Regulatory reaction and limits
– The Federal Motor Carrier Safety Administration (FMCSA) oversees trucking safety. Agency leaders say they are trying to “stop this at the front door” by improving registration and detection and by hiring more investigators. A new registration system is being developed to replace an antiquated process.
– FMCSA officials say they are prioritizing data‑identified large offenders, but the agency has limited manpower: roughly 350 investigators for an industry of about 700,000 carriers. Critics say that resource gap, combined with fragmented state and federal oversight, lets chameleon operations persist.
– The agency has stepped up enforcement on fraudulent driving schools and foreign commercial driver fraud and is pursuing more data‑driven targeting to shut down fraudulent networks faster.
Legal disputes and denials
– Super Ego and related entities deny wrongdoing, arguing leasing companies do not qualify as carriers and should not be held responsible for drivers. Plaintiffs in class actions counter that leasing, dispatching and revenue flows show coordinated control linking the leasing firms to operating carriers.
– More than 800 truckers have joined lawsuits alleging fraud, unpaid wages and coercive lease‑to‑own schemes.
Why the practice is hard to stop and proposed fixes
– Chameleon operations exploit weak front‑end vetting, the ability to form companies quickly and from abroad, fragmented oversight, slow enforcement, and limited industry screening by brokers and shippers. Dissolving a company and starting another effectively erases the easy trails used in routine checks.

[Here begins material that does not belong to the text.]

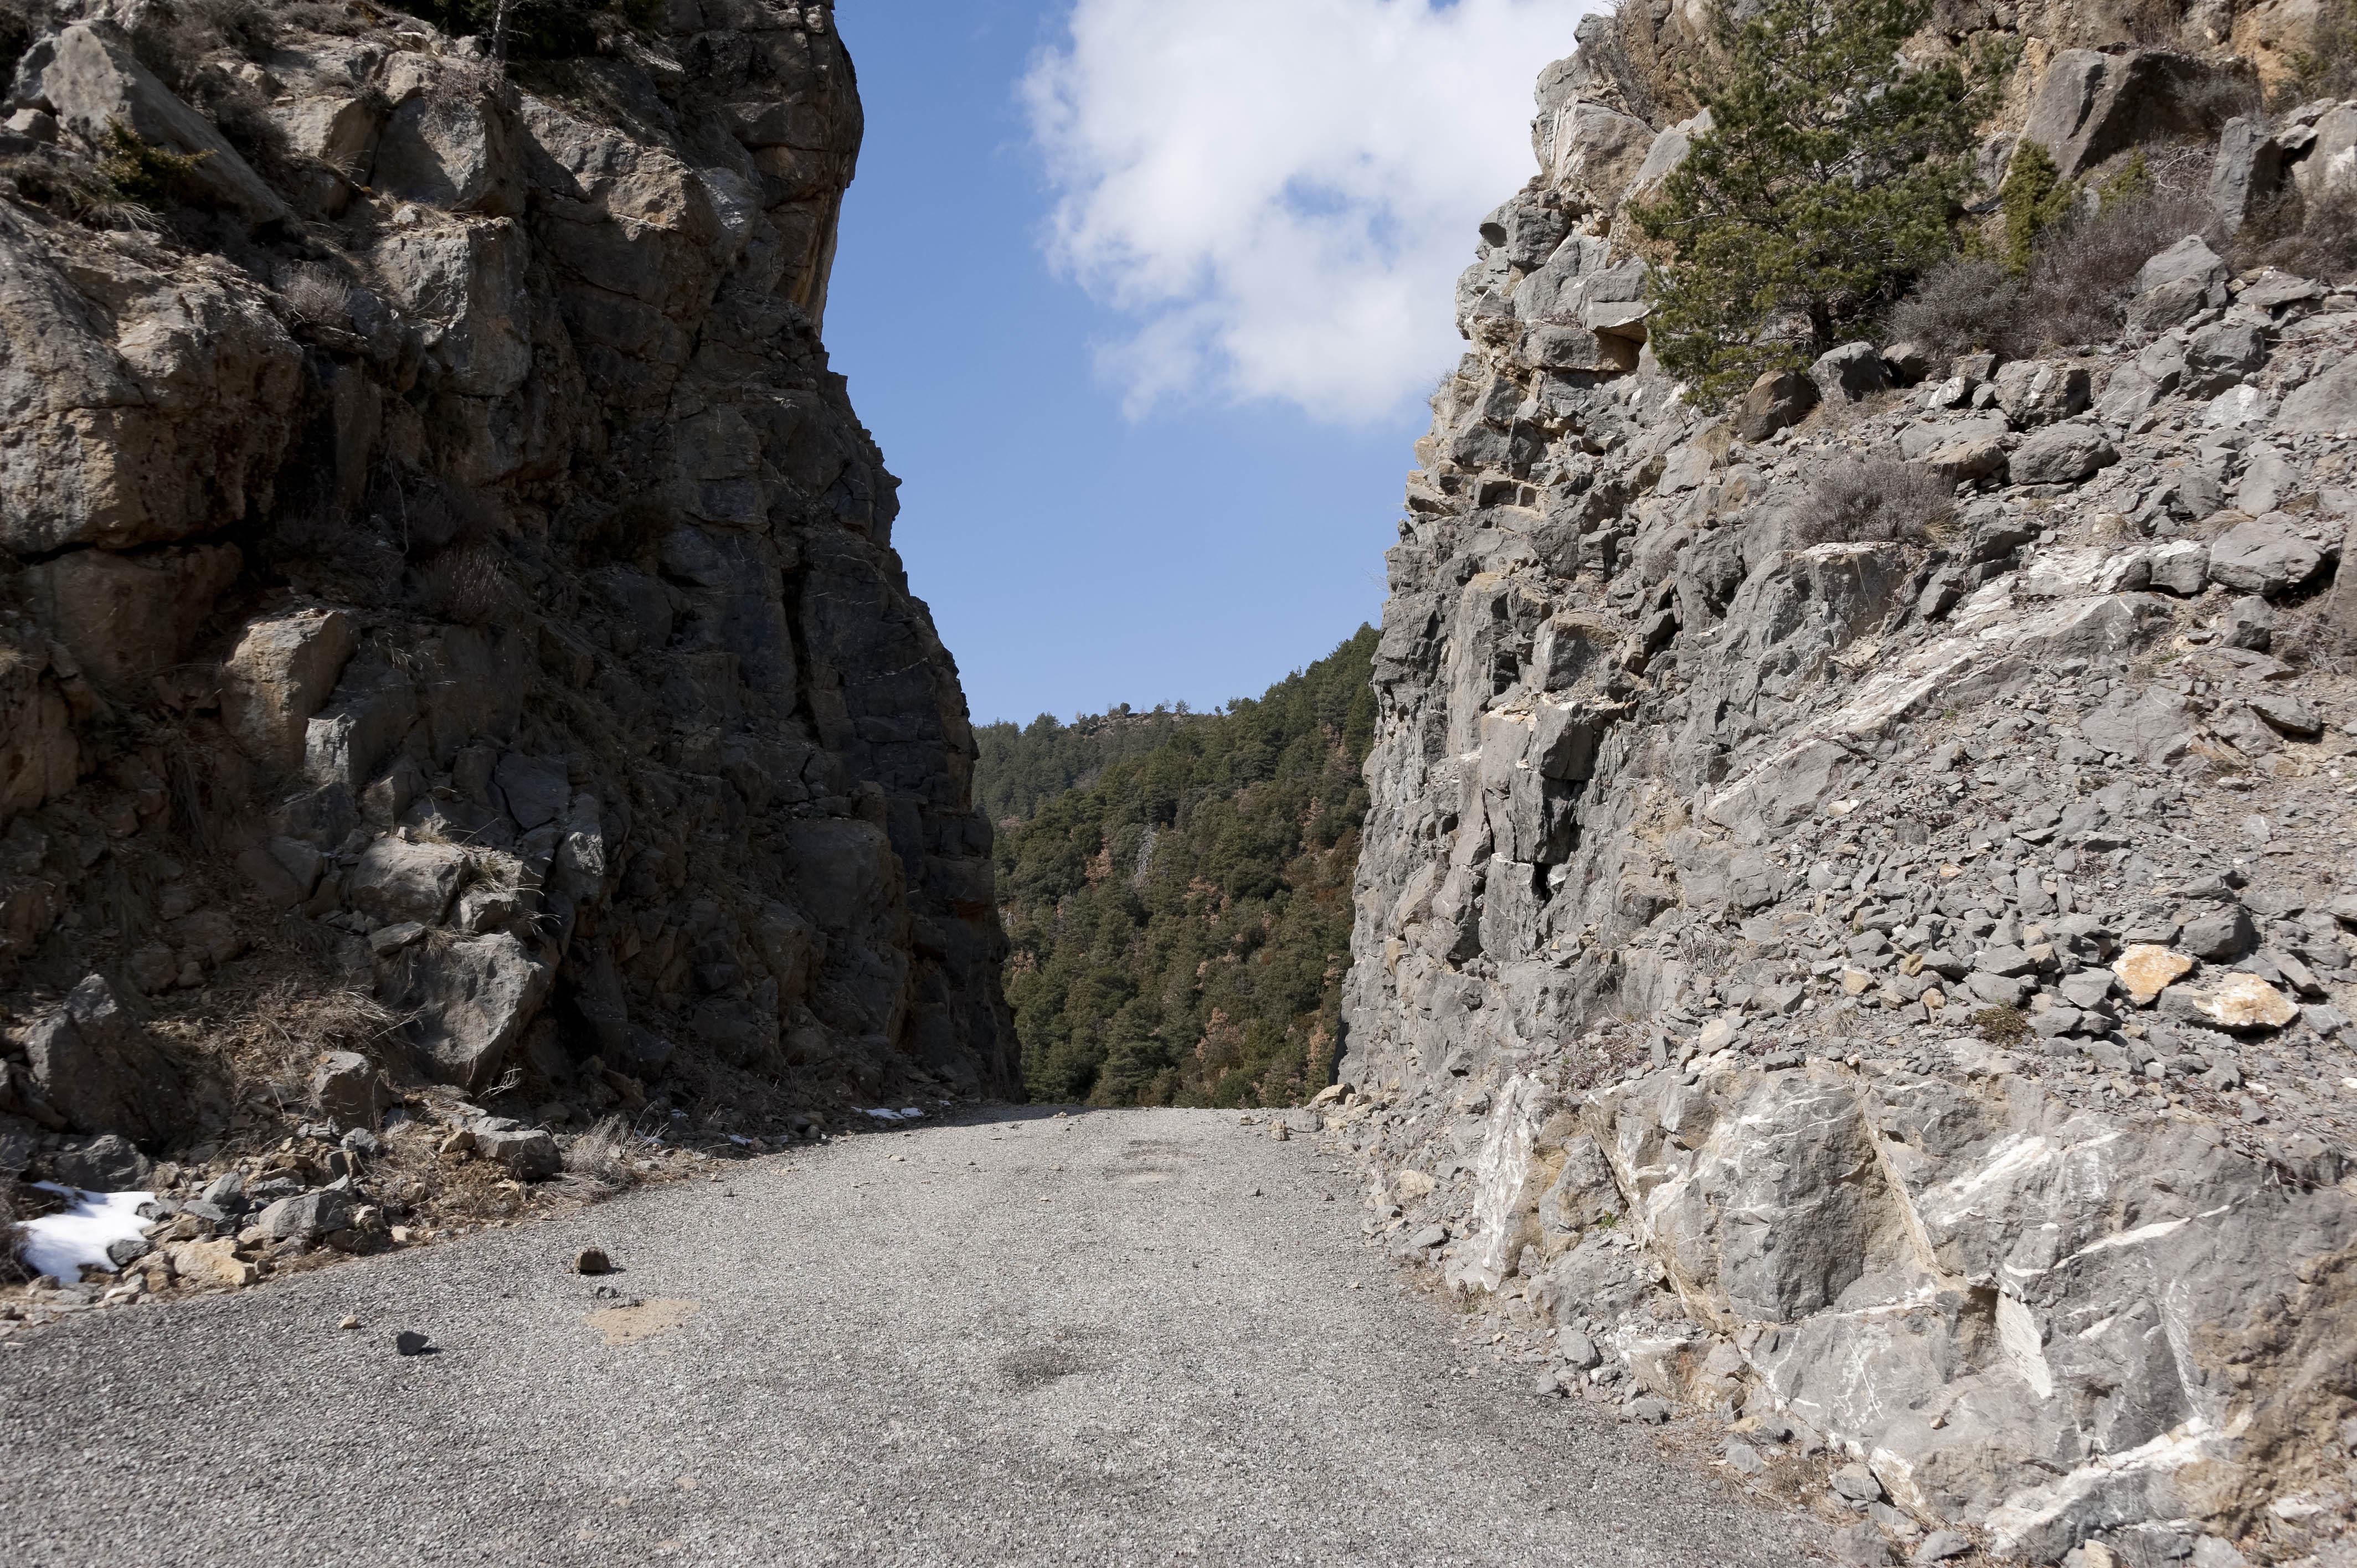 5457_col entre Campol et Yebra (Sobrarbe Aragon)

– Safety experts recommend stronger upfront vetting, faster revocation of DOT numbers for repeat offenders, better sharing of ownership and management data, increased enforcement resources and modernized registration systems to make it harder for bad actors to vanish and reappear. FMCSA says upgrades are underway.
Bottom line
– The chameleon carrier problem combines intentional evasion with systemic loopholes. Regulators, drivers and safety experts warn that the practice increases risks on the road by keeping unsafe trucks and pressured, overworked drivers operating under new identities. CBS News’ reporting documents the pattern, the human toll in crashes and exploitation, and the ongoing regulatory and legal battles. Companies named in the reporting deny the allegations; investigators and plaintiffs maintain these structures enable coordinated networks to sidestep enforcement.